While exploring the website Brown vs. the Board of Education and reading the article Separate and Unequal by Bob Herbert, the culture of power has never seemed so prevalent in history and in life today. Before Brown vs. the Board of Education the states in the south "created a dual educational system based on race. These separate schools were anything but equal." After Brown vs. the Board of Education students were able to get the same education in the same classroom. In the video Between Barack and a Hard Place with Tim Wise, he talks about how "we are no where near a post racial America" and this can be seen in the classroom. Herbert wrote, "Schools are no longer legally segregated, but because of residential patterns, housing discrimination, economic disparities and long-held custom, they most emphatically are in reality." In my elementary school most of the students were white and most elementary schools in Coventry were dominantly white. At Kennedy Elementary school, where I volunteer, most of the students are not white and are of a different race or ethnicity. In Providence, a lot of schools are this way, and it seems like these schools are still segregated because of the "economic disparities" that households experience. 

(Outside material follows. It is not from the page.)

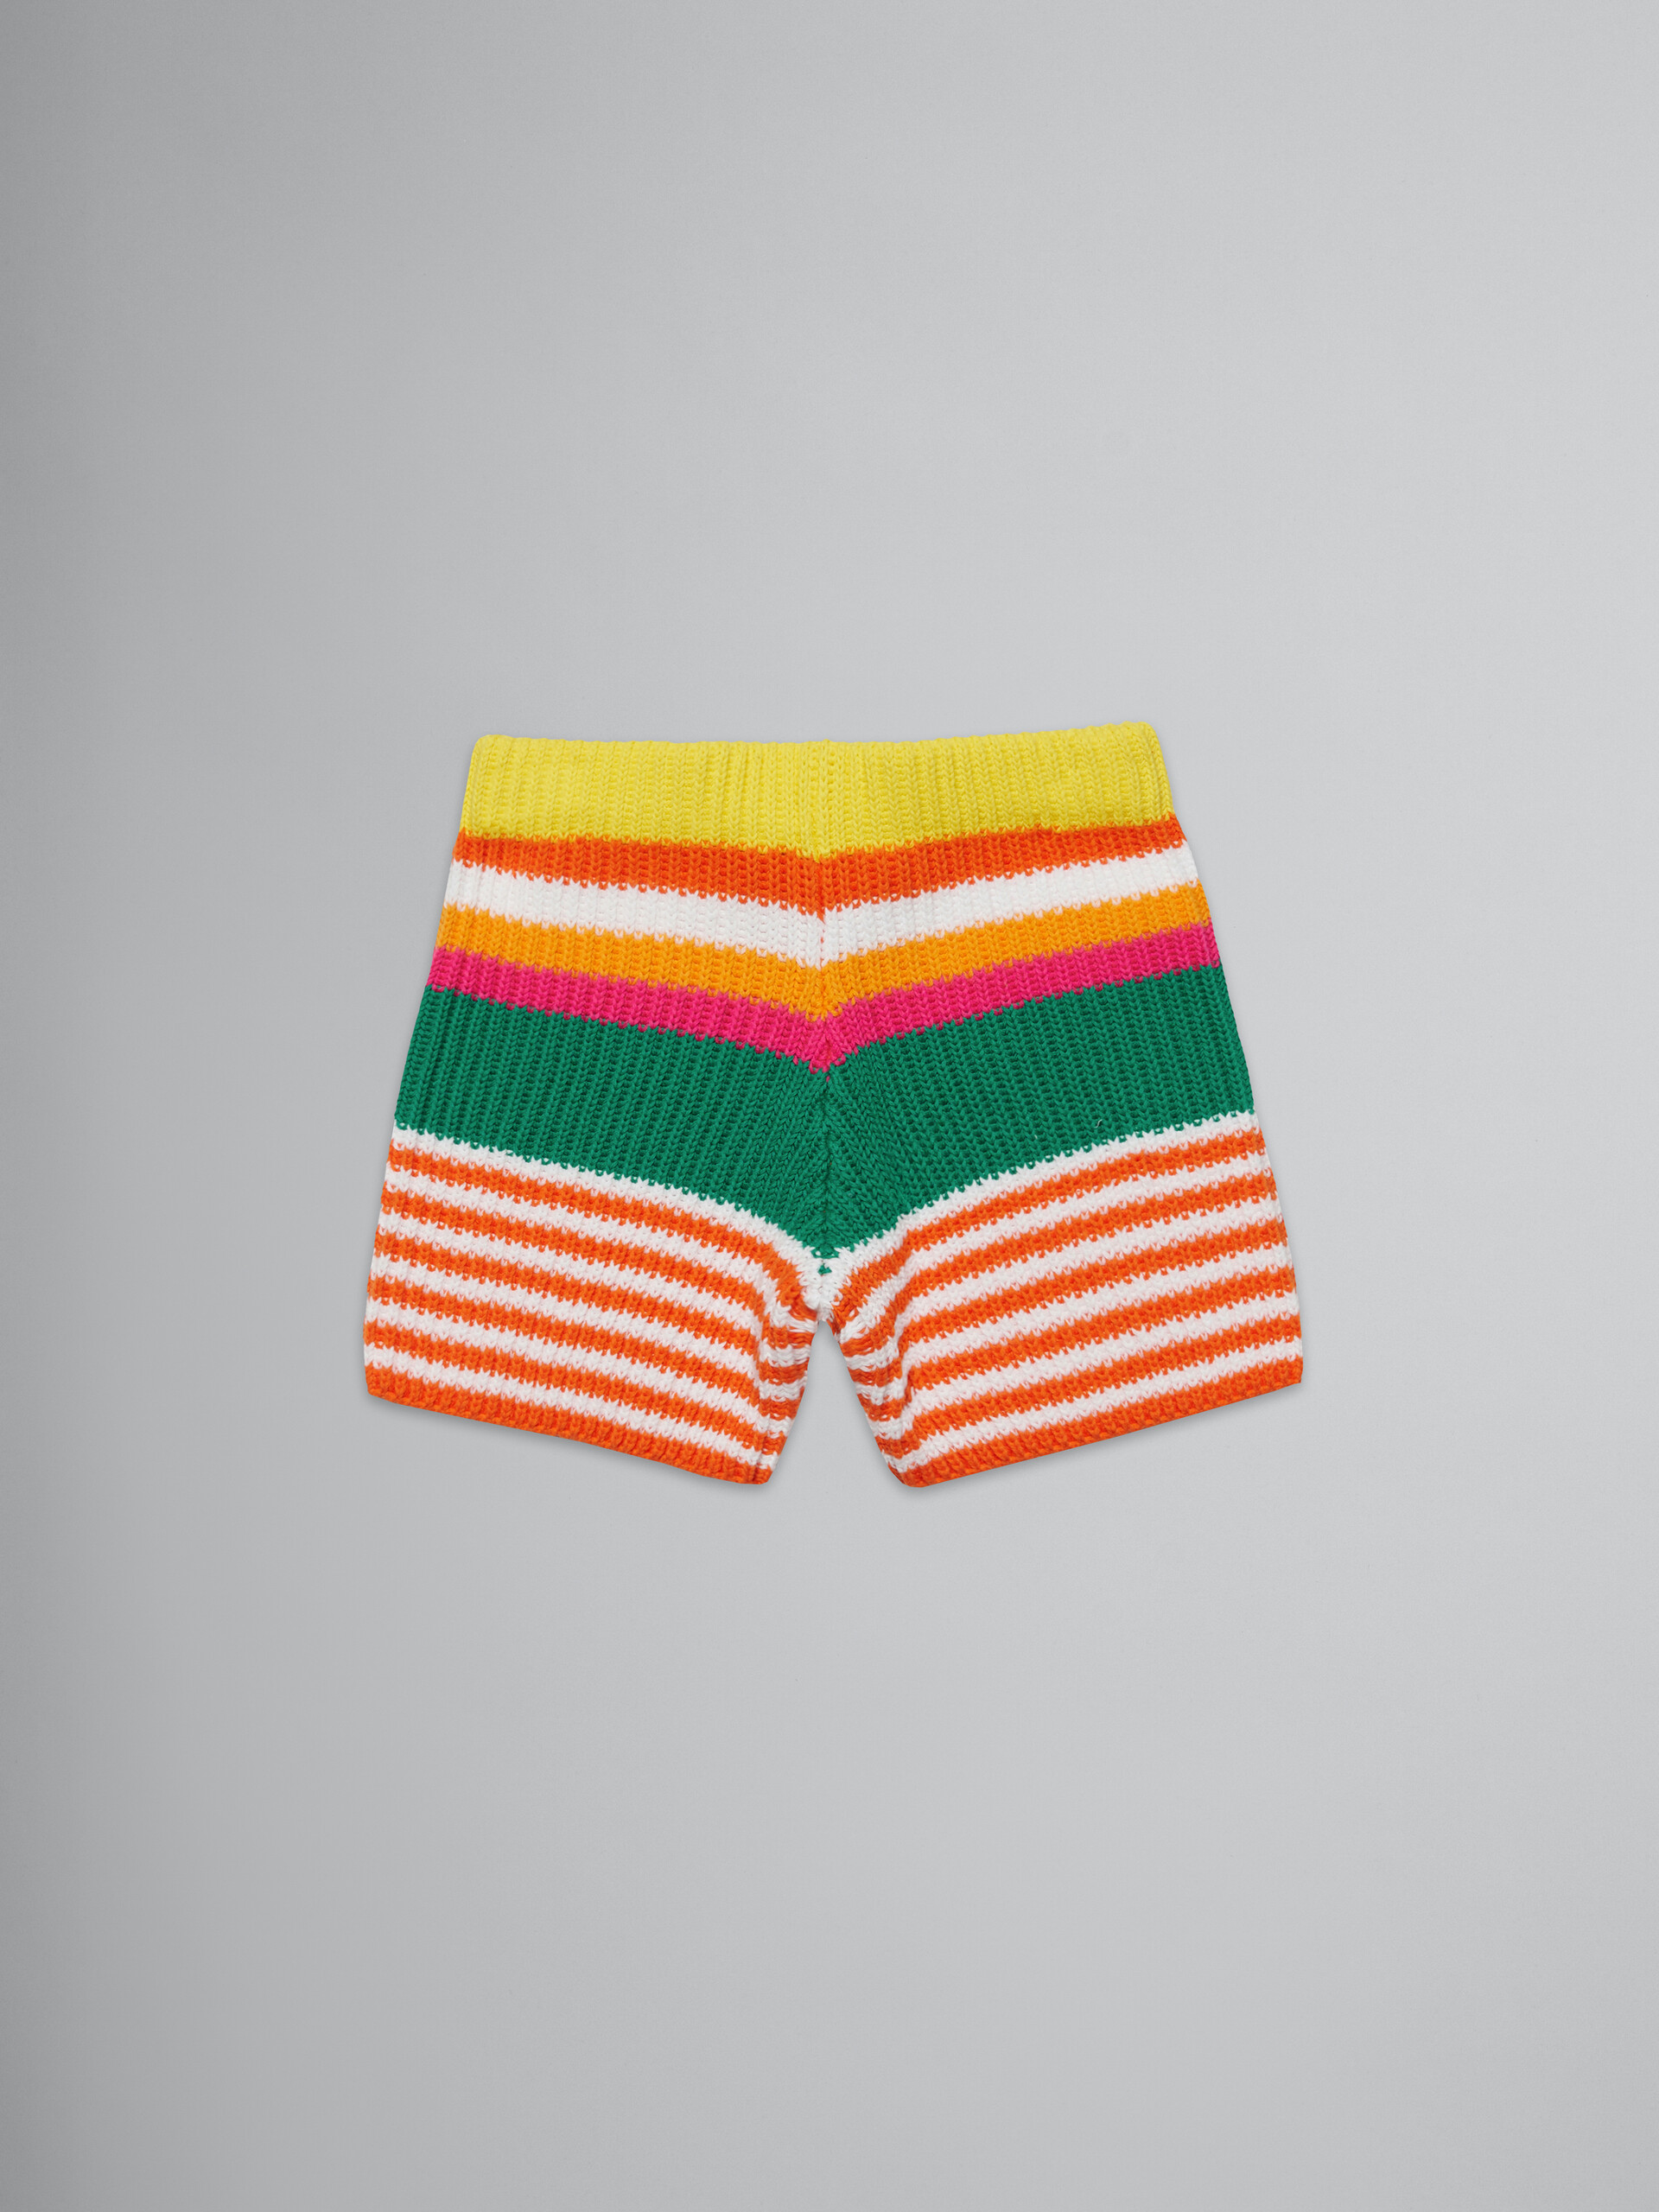 Shorts in maglia a righe multicolor - Pantaloni - Image 2

Jackie Robinson integrated into MLB in 1947
The fight that allowed all students to learn together took many years and now today students are not as integrated as they should be. In Hebert's article, he mentioned a student that "showed that low-income students who happened to be enrolled in affluent elementary schools did much better than similarly low-income students in higher-poverty schools in the county." Diverse students who learn together tend to do better because the students who live in higher income families tend to have parents who work with them as young children. The students who don't have that connection tend to do better if they are with students who do. Tim Wise mentions in his video that some black students feel that in order to succeed they need to "excel in basketball and hip hop." We need to change society so that everyone has an equal opportunity. These students shouldn't have to feel they have to identify with that stereotype in order to succeed. I think Johnson's piece of saying the words applies here because most people still believe in stereotypes. Whites generally classify blacks as "less intelligent, more aggressive, prone to criminality, less hardworking and just want to live on welfare and not work." We need to realize that we are part of the problem of segregation that is still prevalent today, and we also need to see that we are the solution to fix it. 

Wise also mentions that because the United States has a black president, we feel that we are heading towards a better place where segregation and racism don't exist. Racism is "still evident" in today's society. He brought up a point that I never realized before and it was the fact that white people are asked if is racism still present and their answers were generally no. They are not part of the ones
being targeted. The people who feel they are the victims should be asked that question and he mentions that "people still remain ignorant." Brown vs. Board of Education, the Voting Rights Act, and the Civil Rights Act, all took a lot of work to pass and there is "still so much work that needs to be done. Denial about the problems hasn't changed."

It seems like today we are falling back into segregated schools and it is one big circle. There needs to be a change that allow a racially diverse population in every school. If there is no change or no action are we ever going to be anywhere near a post racial America?

Point to Share: I didn't know much about Brown vs. Board of Education and for a while I thought about schools being diverse because I had black, Hispanic and Asian students in my schools. After going to Kennedy Elementary school and reading Hebert's article, I can now see that schools are anything but diverse.